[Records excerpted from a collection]
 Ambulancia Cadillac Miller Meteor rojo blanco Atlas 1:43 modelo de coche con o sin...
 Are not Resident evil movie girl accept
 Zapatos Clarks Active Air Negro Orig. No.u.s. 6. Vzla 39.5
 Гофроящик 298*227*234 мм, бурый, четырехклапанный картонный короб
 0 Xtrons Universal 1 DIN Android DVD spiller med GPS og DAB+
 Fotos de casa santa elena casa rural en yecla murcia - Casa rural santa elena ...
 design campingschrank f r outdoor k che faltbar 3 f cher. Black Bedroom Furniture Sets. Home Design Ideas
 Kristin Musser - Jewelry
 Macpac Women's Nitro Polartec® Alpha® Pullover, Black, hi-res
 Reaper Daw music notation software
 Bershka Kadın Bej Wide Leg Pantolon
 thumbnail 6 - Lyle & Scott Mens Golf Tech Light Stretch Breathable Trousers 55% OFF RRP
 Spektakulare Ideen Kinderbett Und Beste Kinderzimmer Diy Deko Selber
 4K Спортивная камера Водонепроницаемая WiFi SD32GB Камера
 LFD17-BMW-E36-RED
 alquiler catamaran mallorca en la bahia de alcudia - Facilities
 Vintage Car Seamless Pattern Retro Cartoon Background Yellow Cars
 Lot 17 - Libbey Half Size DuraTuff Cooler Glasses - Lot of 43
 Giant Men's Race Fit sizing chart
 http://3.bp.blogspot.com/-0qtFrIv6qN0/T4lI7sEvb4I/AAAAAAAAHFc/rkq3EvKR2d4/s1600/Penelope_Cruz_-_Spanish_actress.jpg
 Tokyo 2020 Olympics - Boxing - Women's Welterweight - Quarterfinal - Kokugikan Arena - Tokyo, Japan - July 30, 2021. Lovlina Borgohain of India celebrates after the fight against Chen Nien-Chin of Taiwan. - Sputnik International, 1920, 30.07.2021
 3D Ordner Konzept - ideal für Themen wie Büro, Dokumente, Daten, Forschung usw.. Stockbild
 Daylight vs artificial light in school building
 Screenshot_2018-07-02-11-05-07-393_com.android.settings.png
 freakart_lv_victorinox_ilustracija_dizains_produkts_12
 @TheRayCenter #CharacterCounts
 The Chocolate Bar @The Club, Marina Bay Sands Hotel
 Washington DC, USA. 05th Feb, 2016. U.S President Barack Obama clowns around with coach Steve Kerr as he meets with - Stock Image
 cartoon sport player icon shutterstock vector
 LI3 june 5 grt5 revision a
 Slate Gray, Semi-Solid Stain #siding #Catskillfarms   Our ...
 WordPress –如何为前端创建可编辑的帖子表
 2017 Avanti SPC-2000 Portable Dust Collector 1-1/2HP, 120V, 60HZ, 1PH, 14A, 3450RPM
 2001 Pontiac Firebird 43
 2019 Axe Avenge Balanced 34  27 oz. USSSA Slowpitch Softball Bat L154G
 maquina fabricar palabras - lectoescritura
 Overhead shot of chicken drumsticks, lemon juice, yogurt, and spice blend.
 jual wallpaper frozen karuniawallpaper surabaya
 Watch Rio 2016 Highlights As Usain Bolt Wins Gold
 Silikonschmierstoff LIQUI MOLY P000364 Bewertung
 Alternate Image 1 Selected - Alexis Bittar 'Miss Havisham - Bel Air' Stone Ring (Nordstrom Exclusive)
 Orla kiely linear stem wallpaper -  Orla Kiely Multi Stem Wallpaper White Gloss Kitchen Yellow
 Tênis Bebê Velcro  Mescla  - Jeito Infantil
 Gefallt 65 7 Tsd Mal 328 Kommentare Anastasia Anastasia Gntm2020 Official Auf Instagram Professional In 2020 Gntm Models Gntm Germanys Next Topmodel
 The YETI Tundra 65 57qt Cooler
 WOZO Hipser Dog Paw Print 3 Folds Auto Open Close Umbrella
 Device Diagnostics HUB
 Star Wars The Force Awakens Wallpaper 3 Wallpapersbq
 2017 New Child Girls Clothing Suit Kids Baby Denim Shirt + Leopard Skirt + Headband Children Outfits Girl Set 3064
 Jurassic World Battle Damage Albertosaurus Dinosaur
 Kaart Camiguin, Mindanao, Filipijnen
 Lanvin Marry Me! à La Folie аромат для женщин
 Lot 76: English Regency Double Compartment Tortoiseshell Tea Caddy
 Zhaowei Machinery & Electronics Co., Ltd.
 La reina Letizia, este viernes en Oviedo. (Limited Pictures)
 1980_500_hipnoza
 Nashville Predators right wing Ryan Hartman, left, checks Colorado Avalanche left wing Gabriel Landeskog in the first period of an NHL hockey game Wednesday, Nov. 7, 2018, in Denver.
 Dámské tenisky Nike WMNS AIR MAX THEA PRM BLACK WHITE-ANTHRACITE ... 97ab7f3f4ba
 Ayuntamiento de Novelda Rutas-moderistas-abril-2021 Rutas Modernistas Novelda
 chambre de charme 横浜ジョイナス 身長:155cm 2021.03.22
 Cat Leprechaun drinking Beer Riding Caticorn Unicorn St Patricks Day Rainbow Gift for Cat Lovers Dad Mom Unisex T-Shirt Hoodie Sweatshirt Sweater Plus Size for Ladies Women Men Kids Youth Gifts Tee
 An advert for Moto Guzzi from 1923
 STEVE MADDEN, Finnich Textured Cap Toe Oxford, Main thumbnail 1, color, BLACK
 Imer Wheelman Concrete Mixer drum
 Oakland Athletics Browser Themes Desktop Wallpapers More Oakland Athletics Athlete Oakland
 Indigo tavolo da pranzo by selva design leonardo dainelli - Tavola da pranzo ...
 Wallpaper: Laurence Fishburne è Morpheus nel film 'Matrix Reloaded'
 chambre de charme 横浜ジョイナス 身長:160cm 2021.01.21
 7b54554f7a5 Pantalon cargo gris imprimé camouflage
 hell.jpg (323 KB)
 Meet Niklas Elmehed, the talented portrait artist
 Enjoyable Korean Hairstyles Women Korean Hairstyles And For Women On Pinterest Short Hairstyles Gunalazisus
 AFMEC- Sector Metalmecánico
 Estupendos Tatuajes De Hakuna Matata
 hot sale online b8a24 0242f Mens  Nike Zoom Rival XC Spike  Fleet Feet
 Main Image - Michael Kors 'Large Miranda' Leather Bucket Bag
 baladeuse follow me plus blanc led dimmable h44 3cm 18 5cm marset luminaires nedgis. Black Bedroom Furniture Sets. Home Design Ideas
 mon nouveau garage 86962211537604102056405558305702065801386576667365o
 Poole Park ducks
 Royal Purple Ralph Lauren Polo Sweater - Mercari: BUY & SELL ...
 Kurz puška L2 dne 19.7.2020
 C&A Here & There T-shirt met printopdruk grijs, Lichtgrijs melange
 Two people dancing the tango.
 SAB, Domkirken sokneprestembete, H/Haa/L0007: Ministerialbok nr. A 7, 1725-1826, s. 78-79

Action item: Which lines in the records above include the word "Ideas"? Copy them out.

Solved exercise:
 design campingschrank f r outdoor k che faltbar 3 f cher. Black Bedroom Furniture Sets. Home Design Ideas
 baladeuse follow me plus blanc led dimmable h44 3cm 18 5cm marset luminaires nedgis. Black Bedroom Furniture Sets. Home Design Ideas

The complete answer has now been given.